Both benchmarks use a Zipf distribution. I believe he said it only supports single-writer semantics, whereas mine is roughly per-entry (per hashbin). So reads should be safe to compare, and we can ignore his slow write rate. His should be faster as I do more work to maintain complex eviction policies, whereas his can reading a pseudo-immutable map with no eviction.

Since he does not perform any cache operations, as it is a concurrent map, we should be comparing against another unbounded concurrent map. That is over 1 billion reads per second on the above hardware. That is why I think something is miserably wrong or I'm misunderstanding something fundamental. Achieve 25M/s is a very disappointing result.

I'm not the author but you should probably ask there and not on HN.

That said:

> Since he does not perform any cache operations, as it is a concurrent map

Why is it a concurrent map? To me it seems to be a regular rust hashtable. Unless you are going to tweak something most of this is going to be the very slow hashing algorithm.

His chart is very wrong: https://github.com/jonhoo/rust-evmap/blob/master/benchmark/r...

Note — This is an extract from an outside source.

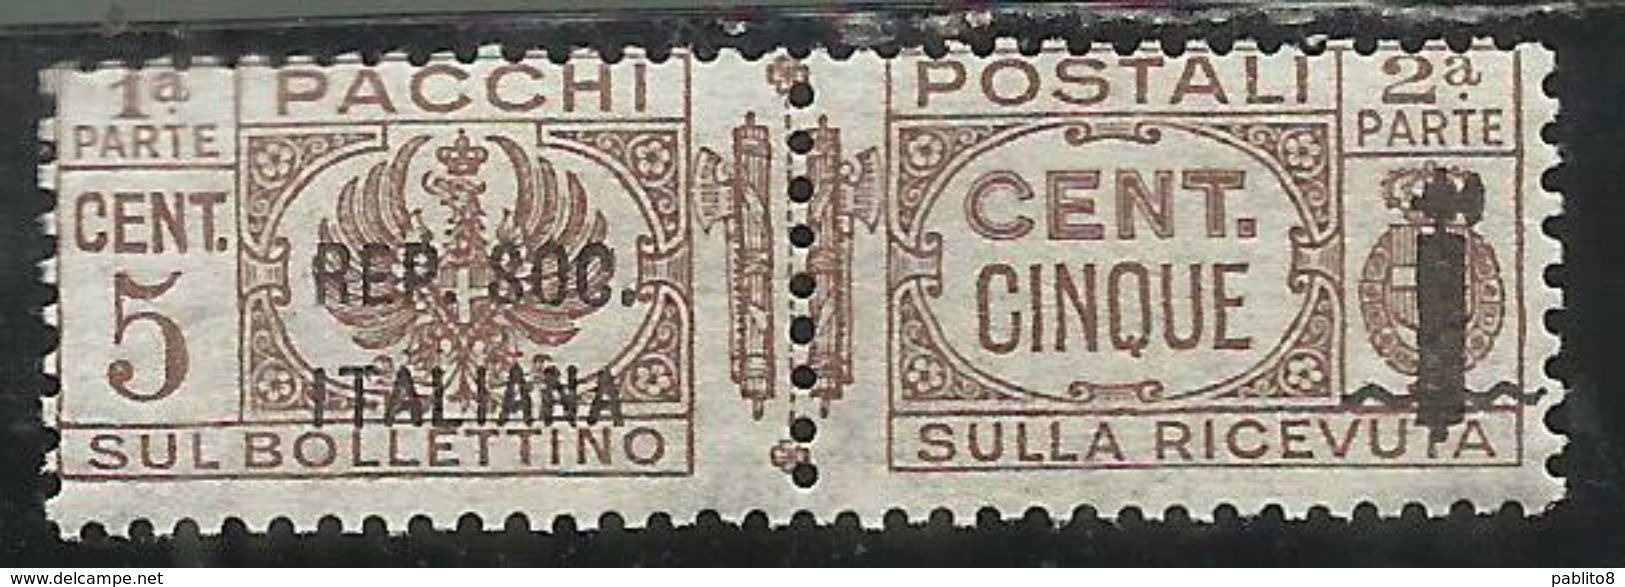 ITALIA REGNO ITALY KINGDOM 1944 RSI REPUBBLICA SOCIALE PACCHI FASCIETTO CENT. 5c MNH - Colis-postaux

Both Zipf (skewed) and Uniform distributions have the same read throughput. That would not occur because of hardware caches and memory effects. A Zipf means that some entries are read much, much more often (80/20 rule, hot/cold cache entries). The hardware caches should benefit from this and that is how you get superlinear effects.

A uniform is the same as a random access, e.g. all eviction policies would degrade to random replacement as there is no recency/frequency/locality benefits. This means if the dataset cannot reside entirely within the CPU cache then we should see a different throughput. Yet, they are the same.

His benchmarks only have 10k elements so maybe it all fits in the cpu cache. If that's true then 25M/s is absolutely awful. Something is wrong.

It is not lock-free. Every time he reads he acquires a lock by calling epochs.lock(). That may not explain the numbers entirely, but this benchmark is completely bogus.
> Every time he reads he acquires a lock by calling epochs.lock().

Where do you see this? I only see it lock on refresh.

The benchmark allocates a new ReadHandle on every get(key) operation, whose constructor performs work under a shared lock. This is a design flaw of the benchmark, not the library.
I'm not sure where you get that from? The benchmark code clones one read handle for each read thread at the beginning, which is then used for the entire benchmark: https://github.com/jonhoo/rust-evmap/blob/d307999c1ad78d10ec...